17. Im intrigued, what is this supposed to mean?

(Original post by kkboyk)
prove that 3 consecutive points make a right angle triangle.
18. (Original post by newblood)
Im intrigued, what is this supposed to mean?
You are given 3 points let's say they are A, B and C. They form a right angle triangle, and using the knowledge you learn from coordinate geometry you have to prove that they form a right angle triangle.

So what you do is find the gradient of the lines joining these points, so the gradient of AB, AC and BC. They form a right angle triangle if the gradient of two of these light are perpendicular and equals -1 if you multiply them together.
19. (Original post by kkboyk)
You are given 3 points let's say they are A, B and C. They form a right angle triangle, and using the knowledge you learn from coordinate geometry you have to prove that they form a right angle triangle.

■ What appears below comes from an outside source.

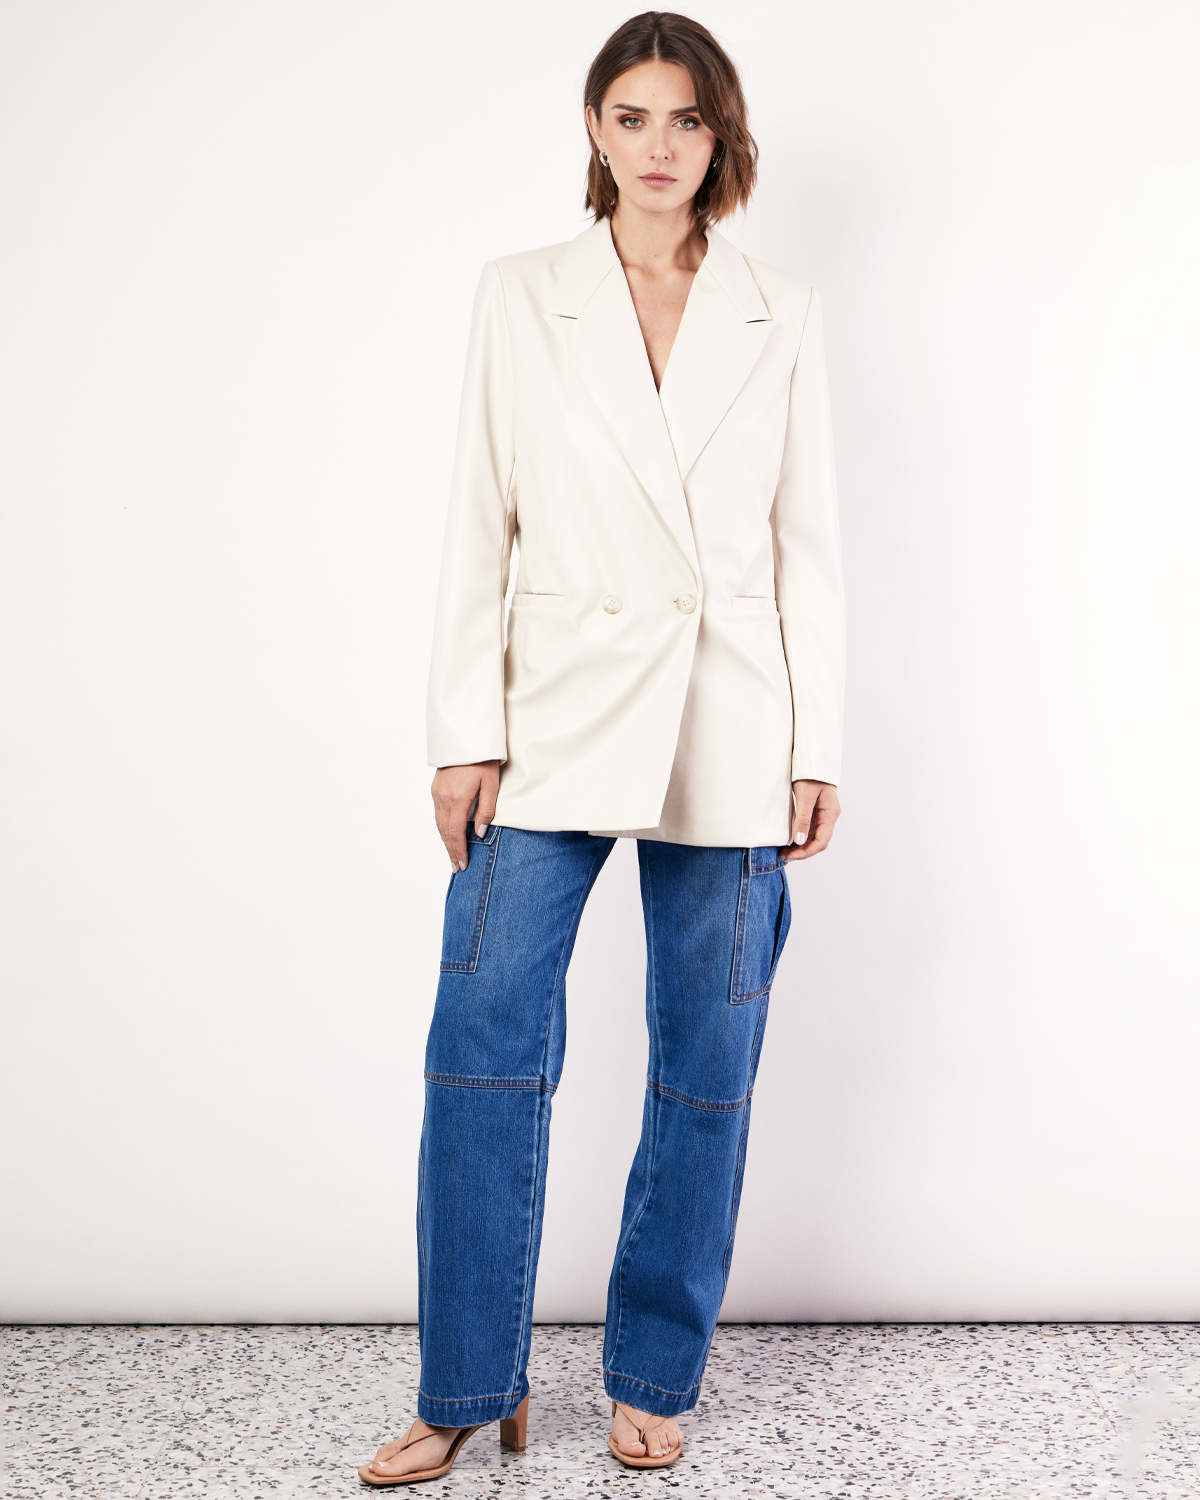 The Vegan Leather Boxy Blazer is a relaxed, oversized silhouette, featuring front pockets and a button closure. It is fully lined and is crafted from a buttery soft Vegan leather fabrication in Cream. Now available at Romy.

So what you do is find the gradient of the lines joining these points, so the gradient of AB, AC and BC. They form a right angle triangle if the gradient of two of these light are perpendicular and equals -1 if you multiply them together.
But you said three consecutive points form a right angle triangle. What does consecutive mean in this context?
20. (Original post by newblood)
But you said three consecutive points form a right angle triangle. What does consecutive mean in this context?
Oh sorry ignore it. I made a few errors when writing on my phone so it auto corrected an error into that.